● EXERCISE
After finding "البريد السعودي يصدر" in a line below, print that line and the rest of the lines exactly, leaving out all pictures.

● PROVIDED DATA
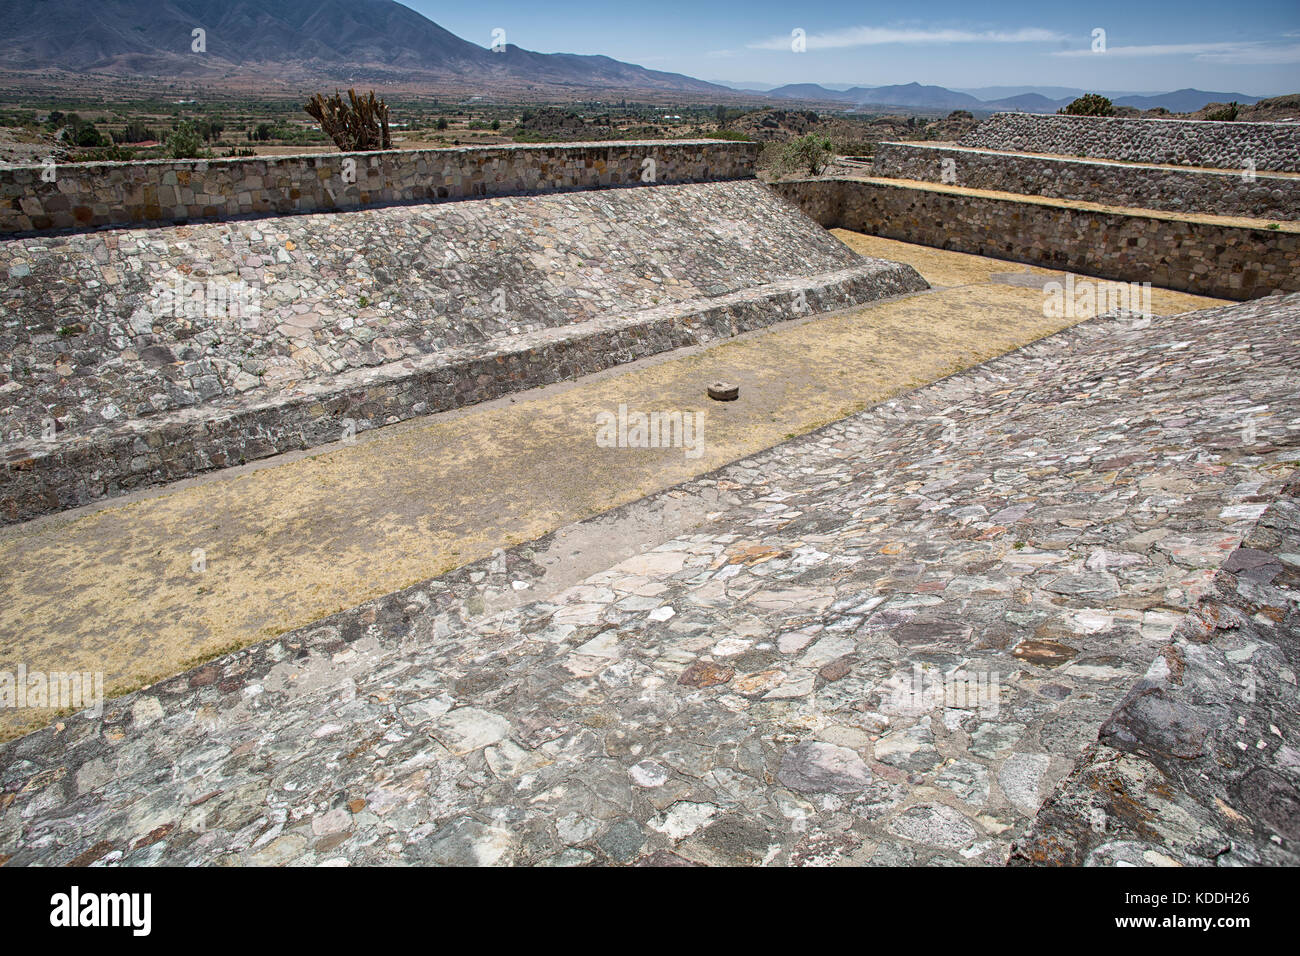 La cour de jeu de yagul ruines à Oaxaca au Mexique Banque D'Images
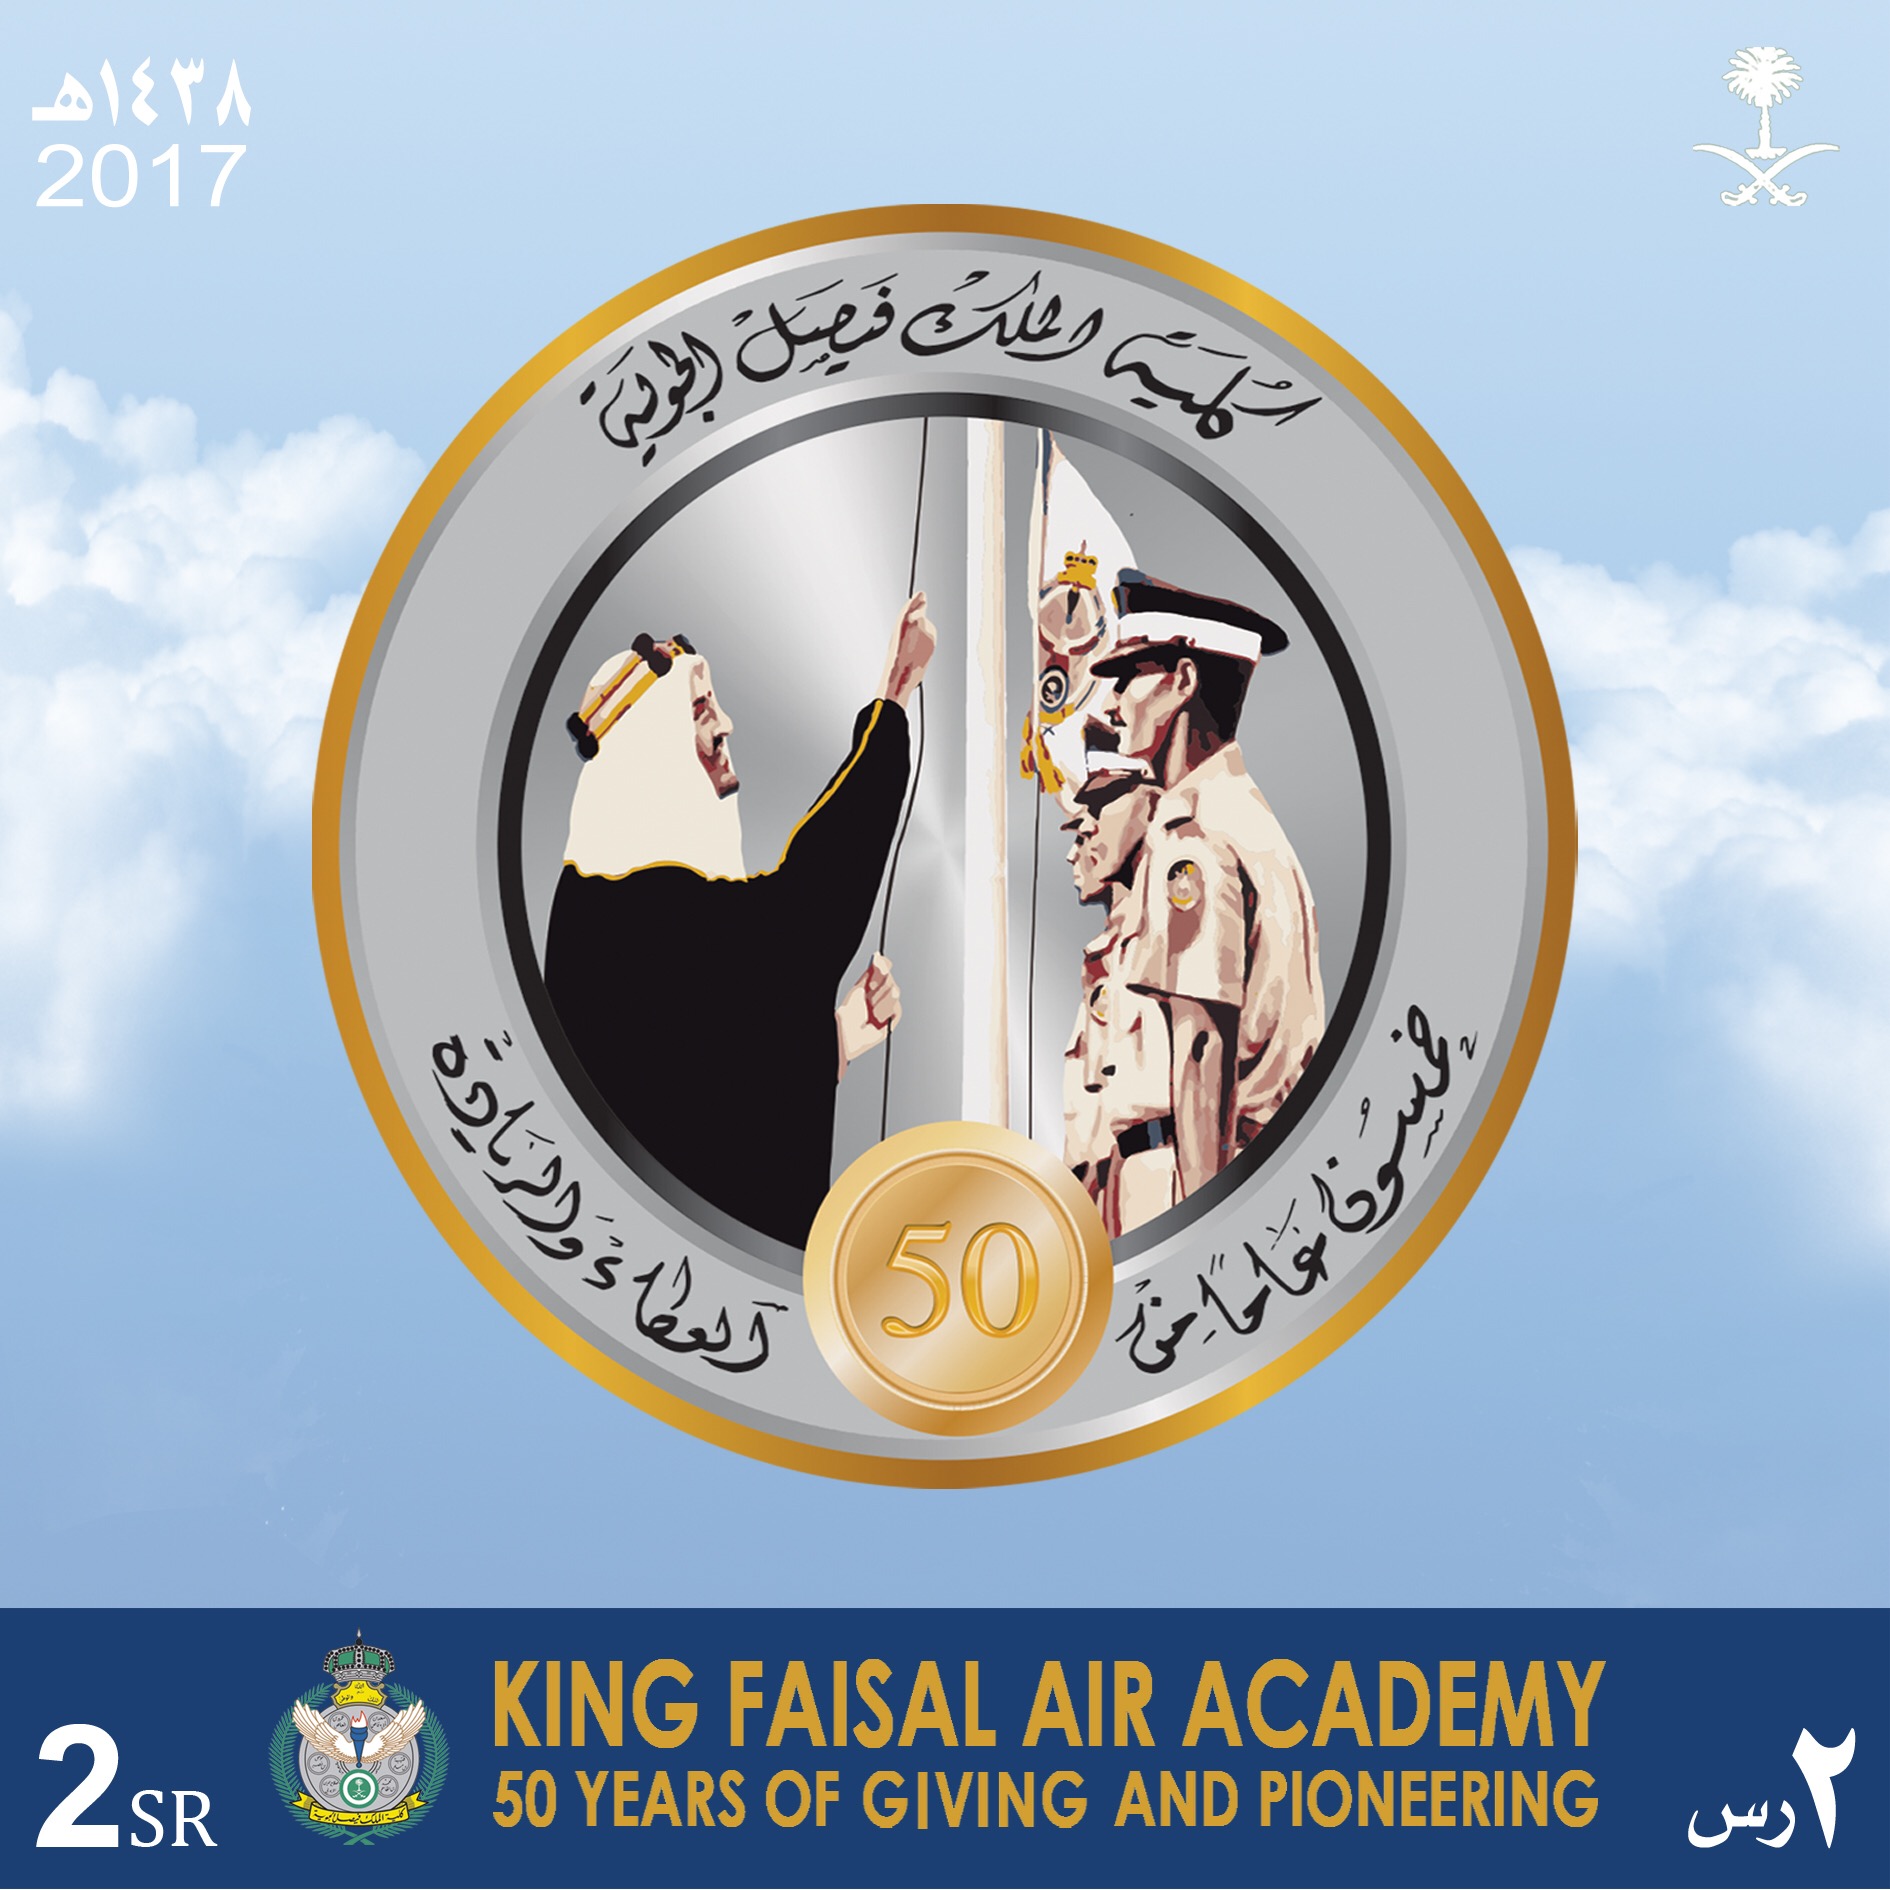 البريد السعودي يصدر طابعين تذكاريين لكلية الملك فيصل الجوية ويوم البريد العربي
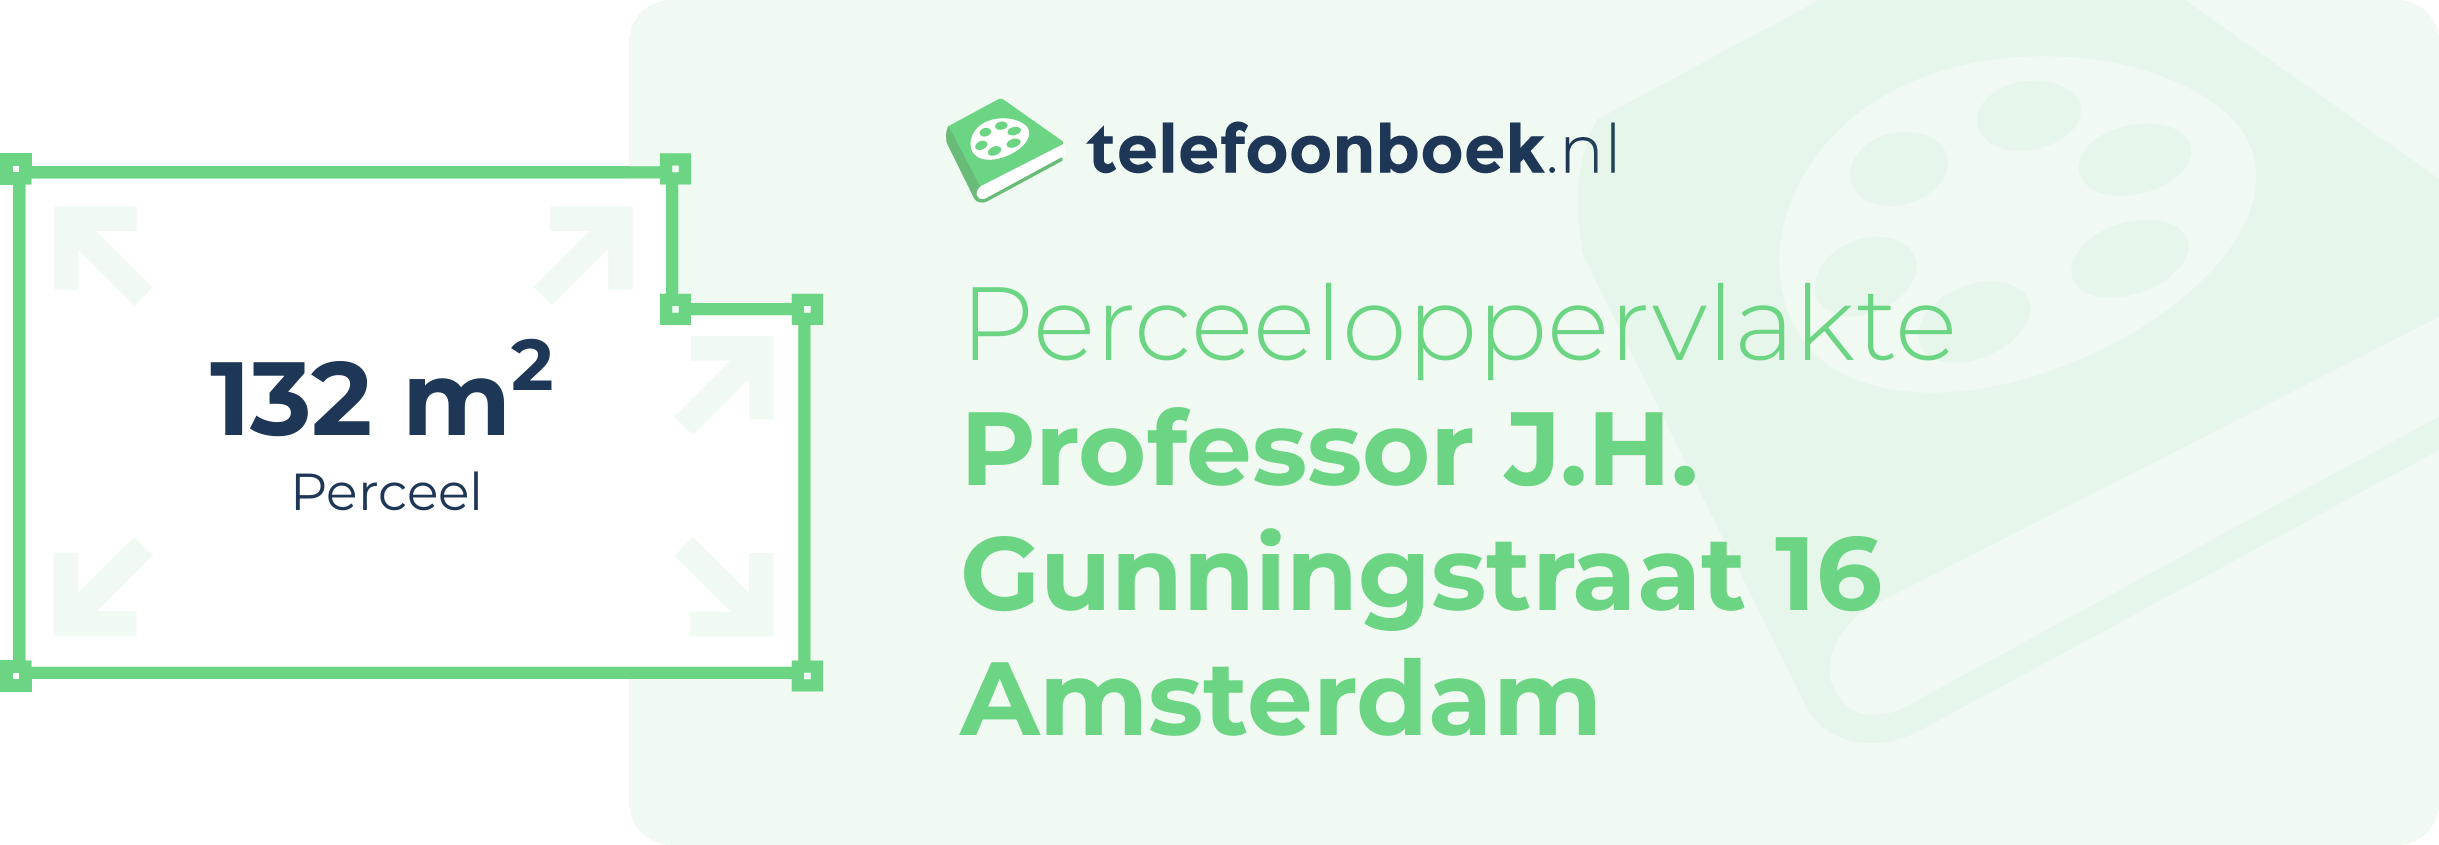 Perceeloppervlakte Professor J.H. Gunningstraat 16 Amsterdam

● SOLUTION FOR THIS PROBLEM
 البريد السعودي يصدر طابعين تذكاريين لكلية الملك فيصل الجوية ويوم البريد العربي
 Perceeloppervlakte Professor J.H. Gunningstraat 16 Amsterdam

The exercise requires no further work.